WASHINGTON — Federal marine specialists have concluded Navy sonar was the most likely cause of the unusual stranding of melon-headed whales in a Hawaiian bay in 2004.

The appearance of up to 200 of the normally deep-diving whales in Hanalei Bay in Kauai occurred while a major American-Japanese sonar-training exercise was taking place at the nearby Pacific Missile Range Facility.

The report is the latest in a series of scientific reviews linking traditional midfrequency naval sonar to whale strandings.
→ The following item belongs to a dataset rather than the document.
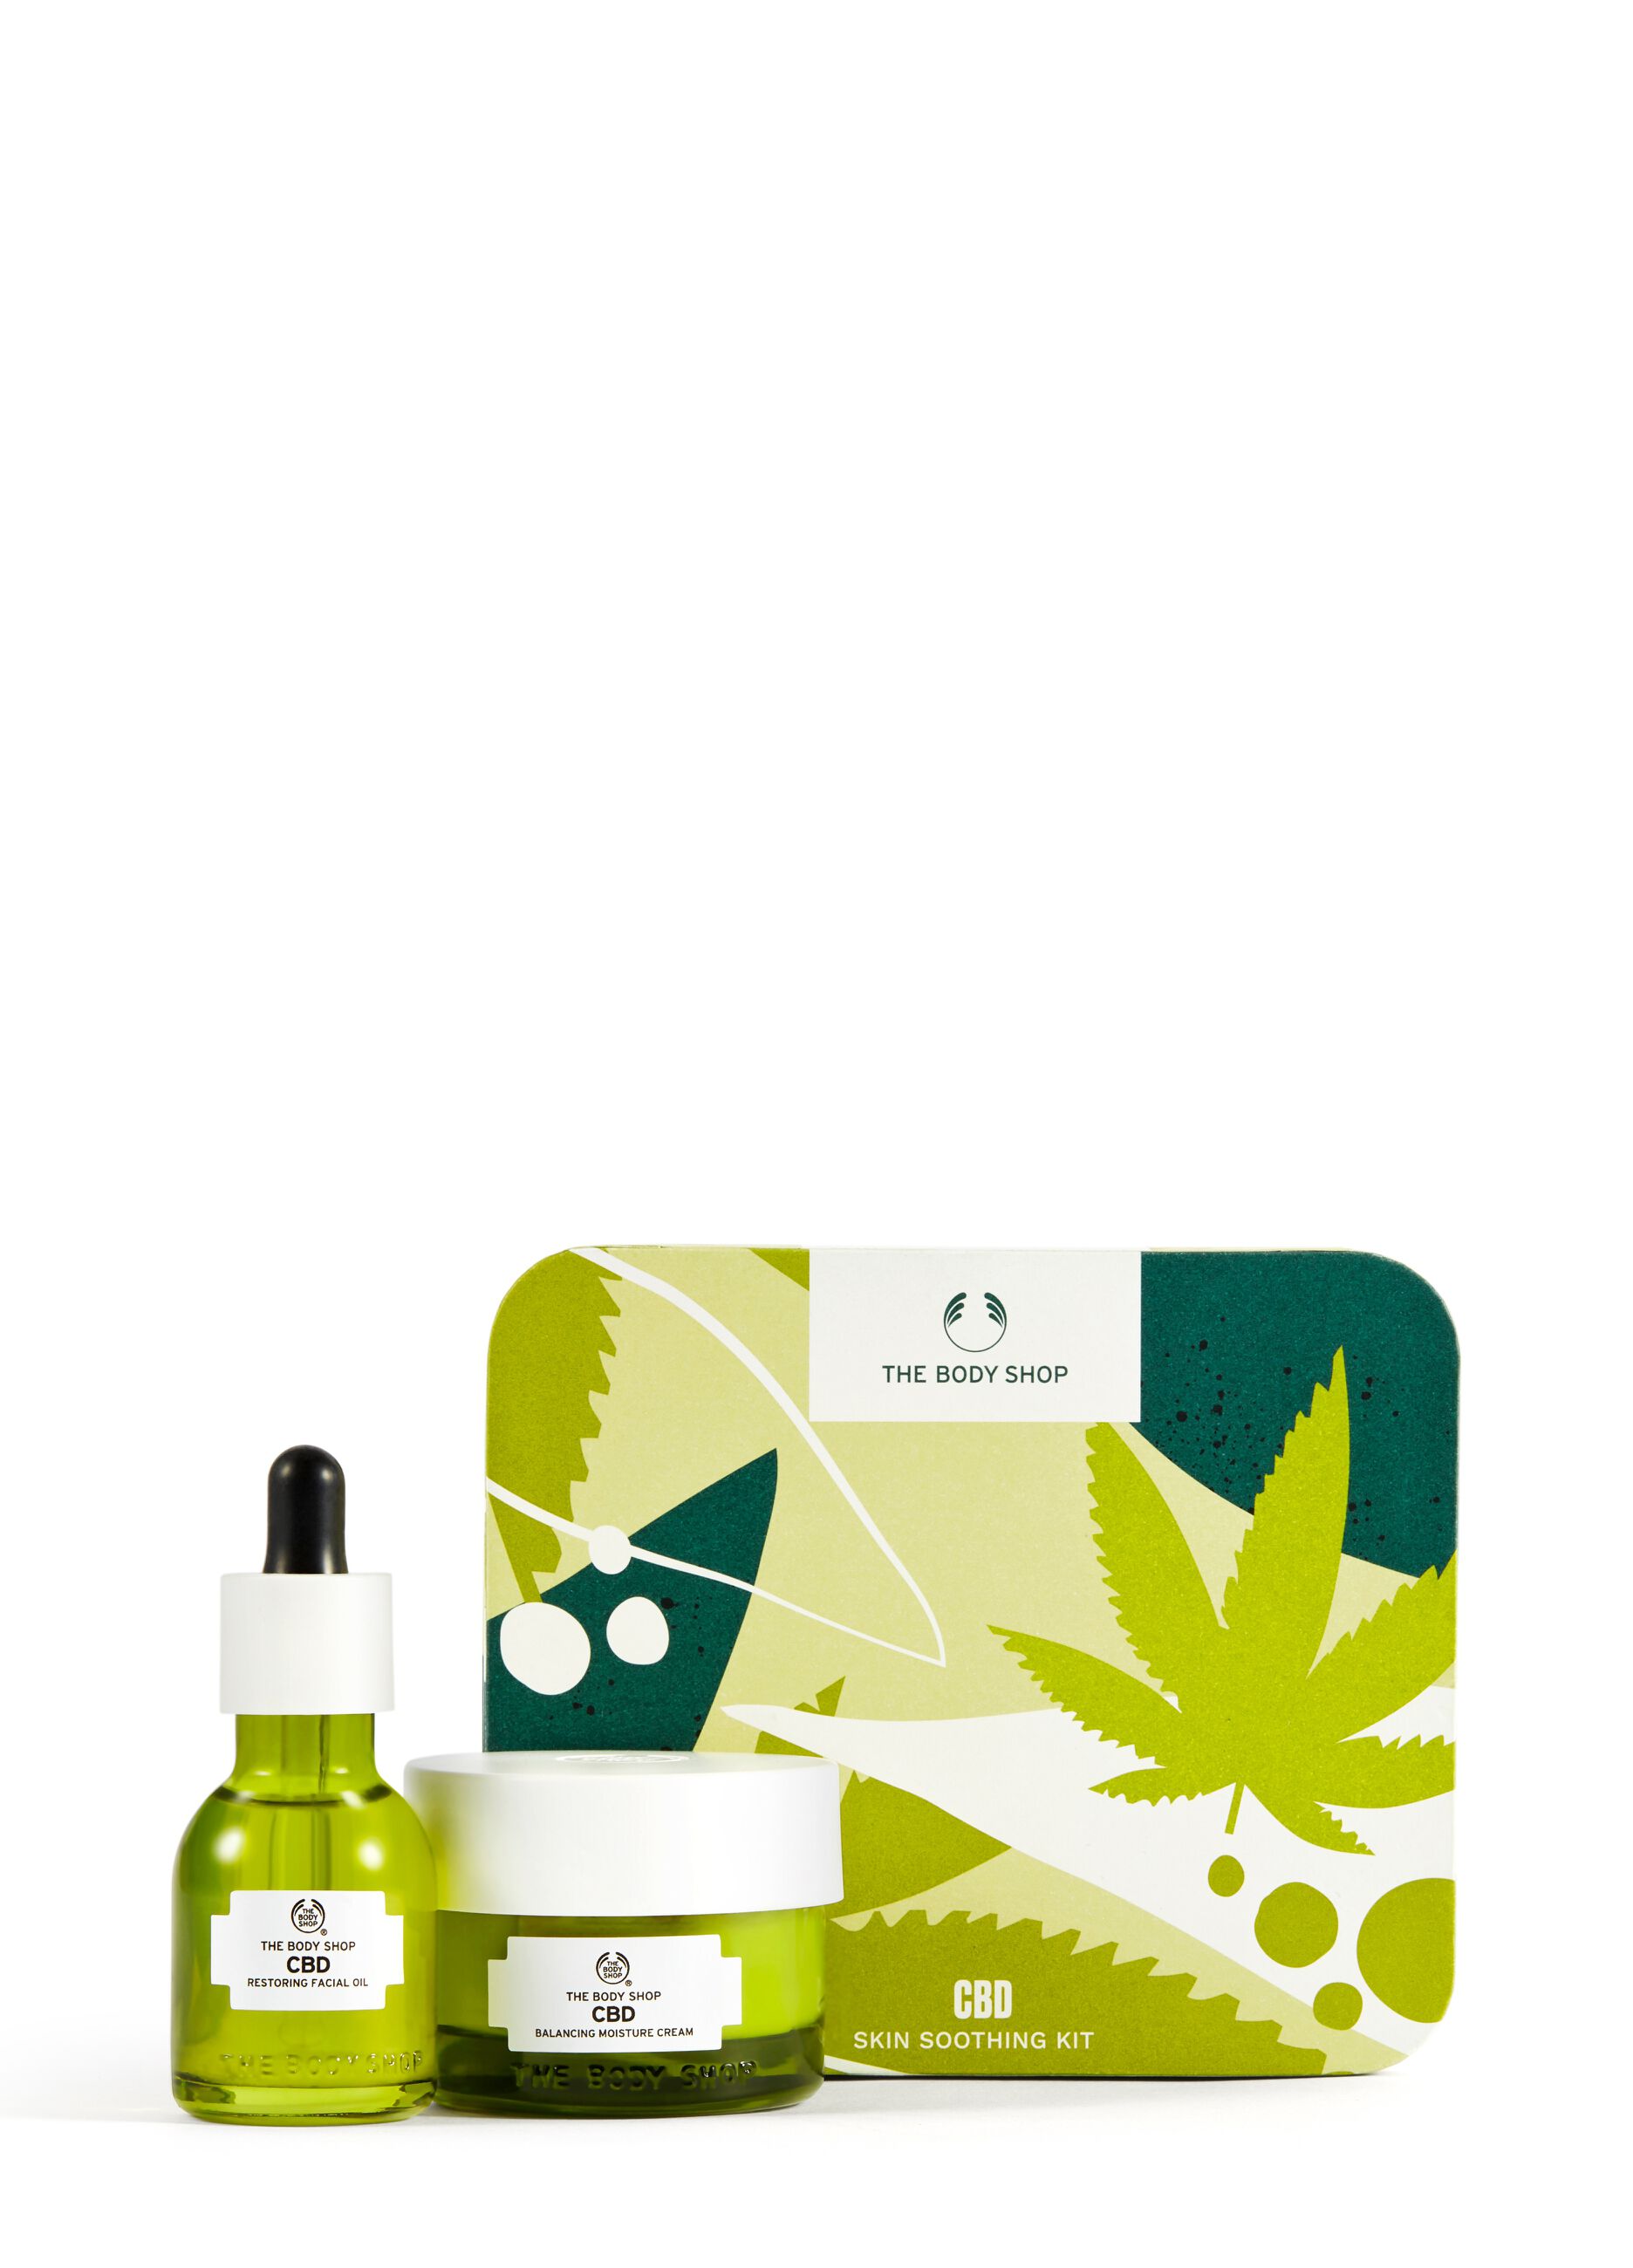 The Body Shop soothing kit with CBD

The sonar has been used for decades, but it was only recently that an apparent connection to strandings was established.

While the National Oceanic and Atmospheric Administration (NOAA) scientists said they could not definitely state that sonar caused the strandings, they said extensive study led them to the conclusion there was no other likely cause.
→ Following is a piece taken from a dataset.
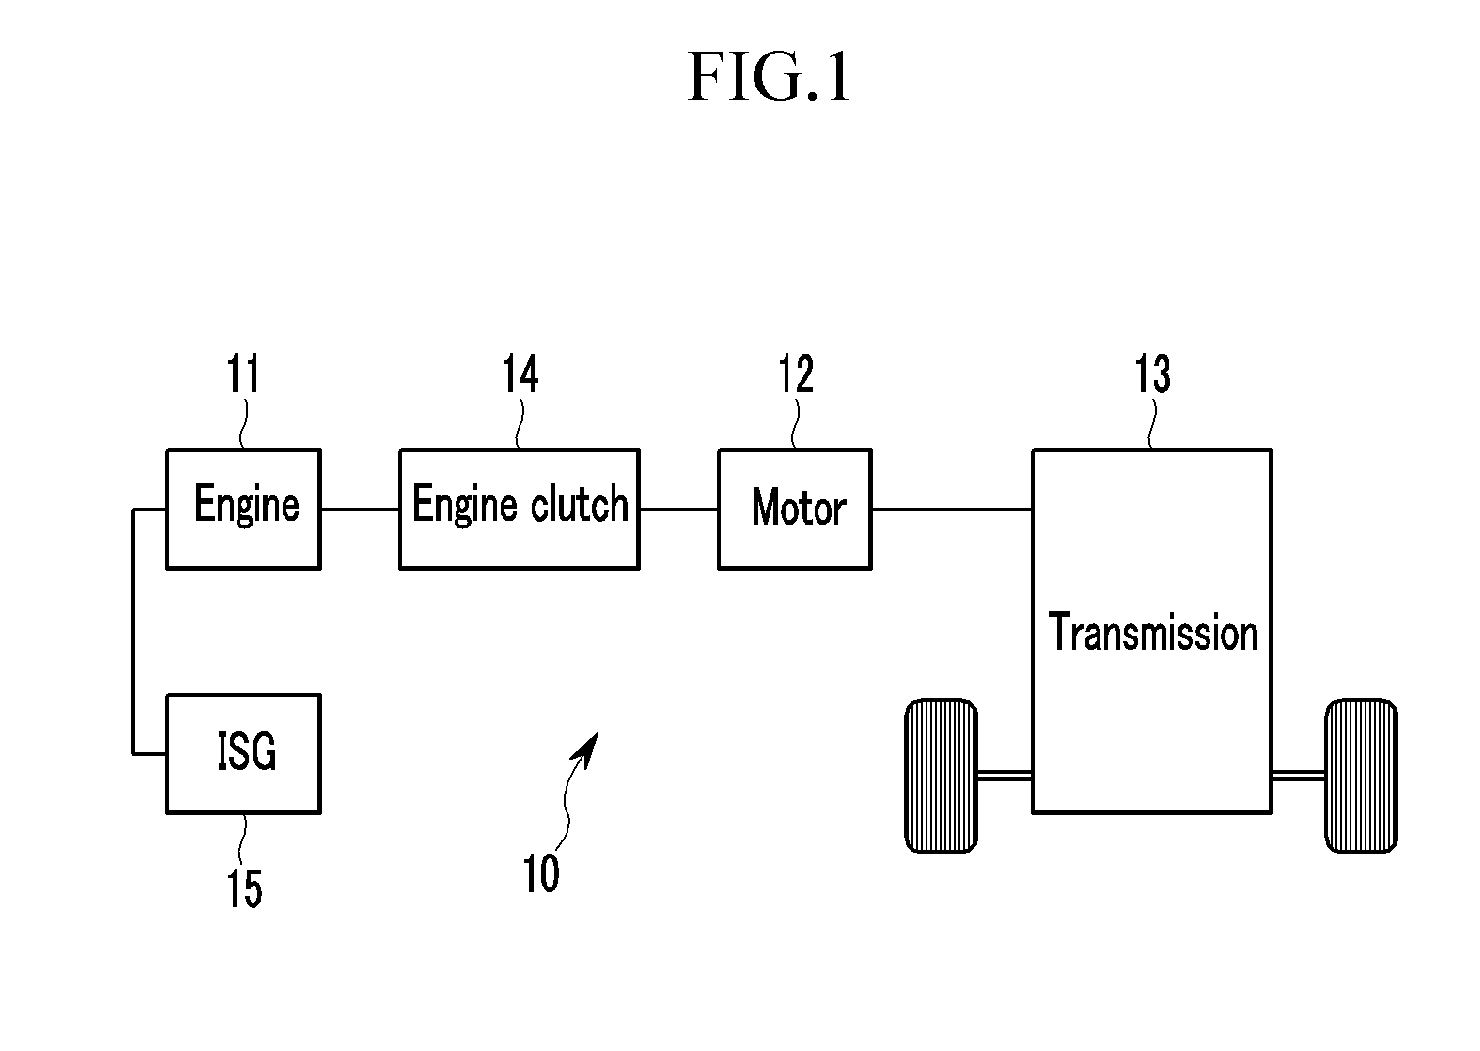 Method and system for learning and controlling torque transmission kiss point of engine clutch for hybrid electric vehicle

"Our analyses indicate there was no significant weather, natural oceanographic event or known biological factors that would explain the animals' movement into the bay nor the group's continued presence in the bay," said Dr. Teri Rowles, NOAA Fisheries Service's lead marine-mammal veterinarian and lead author of the report.

NOAA concluded sonar was "a plausible, if not likely, contributing factor" to the stranding.

The Navy has said it was virtually impossible for its sonar to have led to the Hanalei Bay stranding, and officials maintained that position Thursday. "I think that if you look at the report, there are just so many unknown factors at work that to say sonar was a 'plausible if not likely' cause is erroneous," said Lt. Commander Christy Hagen of the U.S. Pacific Fleet in Hawaii.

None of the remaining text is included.